Lucien Bernot (1919-1993)

Lucien Bernot, qui fut professeur au Collège de France dans la chaire de « Sociographie de l'Asie du Sud-Est », était né le 2 décembre 1919 à Gien, dans le Loiret. D'ascendance bourguignonne paysanne, son père, ouvrier aux PTT, avait appris à lire tout seul. Lui-même, ne pouvant poursuivre des études, entra en apprentissage à 14 ans, mais sut choisir un métier pour lequel il éprouvait beaucoup d'attirance, celui de compositeur-typographe. Il l'exerça, avec des interruptions, durant 10 ans, à partir de 1934 ; interruptions, notamment, à cause d'une entrée dans la clandestinité, sous l'occupation, où le pacifiste et ancien objecteur de conscience qu'était Lucien Bernot partit non pas pour prendre les armes, mais pour, au risque incessant de sa vie, aider des gens poursuivis.

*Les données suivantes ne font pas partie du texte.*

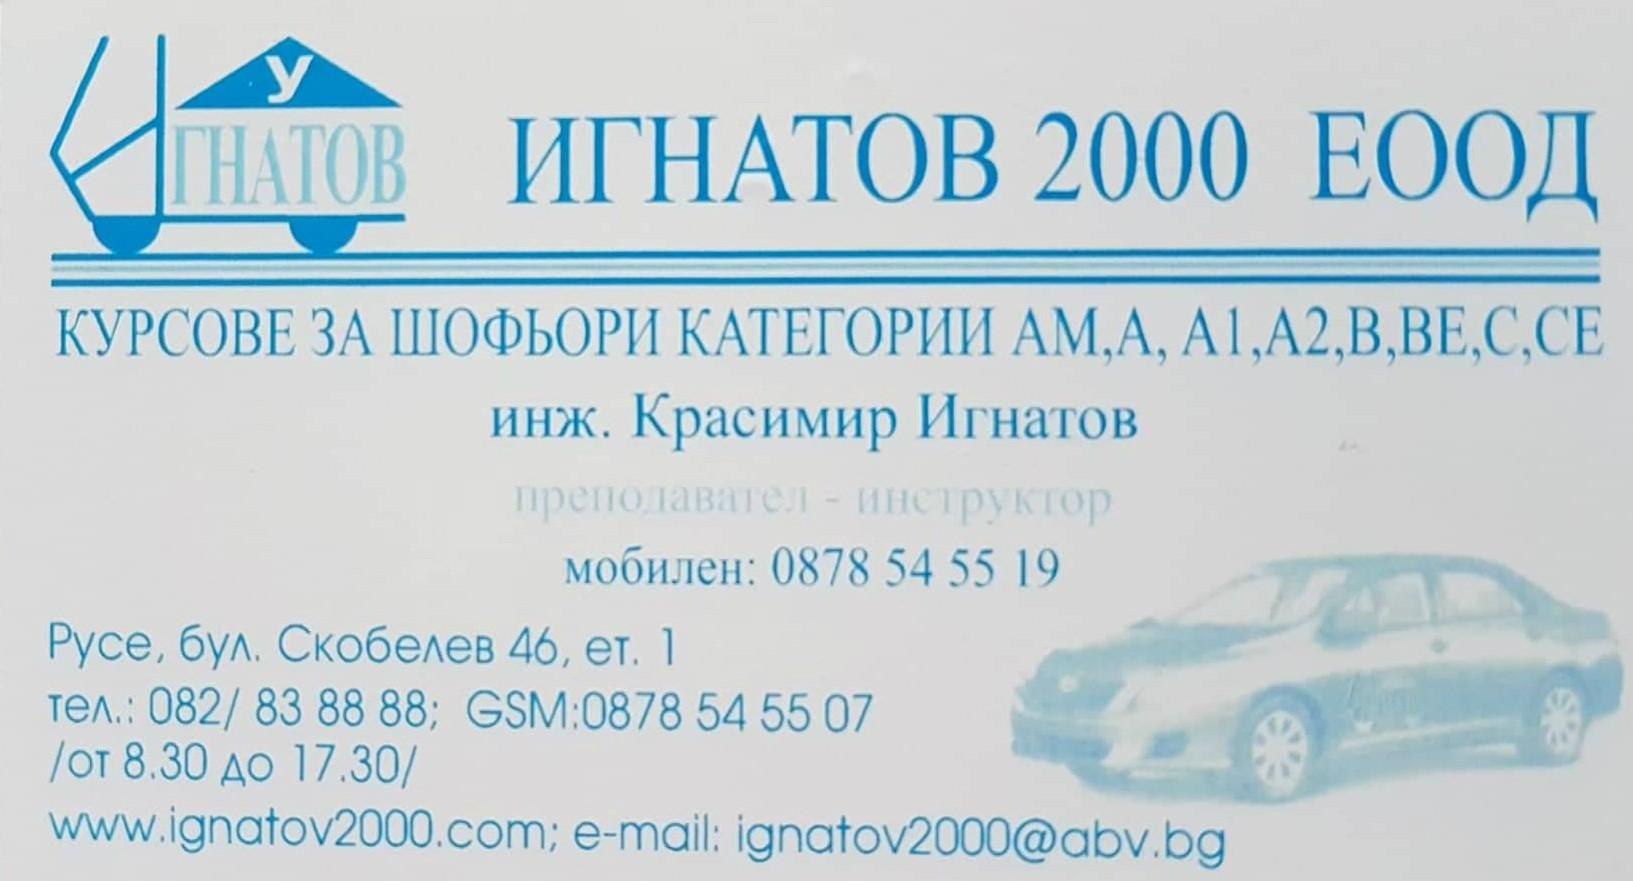 игнатов 2000

En 1944, alors qu'il travaillait dans la région parisienne, l'idée lui vint de s'inscrire comme auditeur libre au cours de chinois de l'École Nationale des Langues Orientales Vivantes. Son but, dit-il lui-même, était « limité et pratique : apprendre à composer dans cette langue ». Ayant réussi l'examen d'entrée à l'école, il put y devenir élève régulier et obtint le diplôme, par lequel il eut l'équivalent du Baccalauréat.

Il garda toujours une grande prédilection pour ce domaine de l'imprimerie, dont il avait une vue à la fois encyclopédique, et précise dans le moindre détail. Converser avec lui sur la question était un enchantement.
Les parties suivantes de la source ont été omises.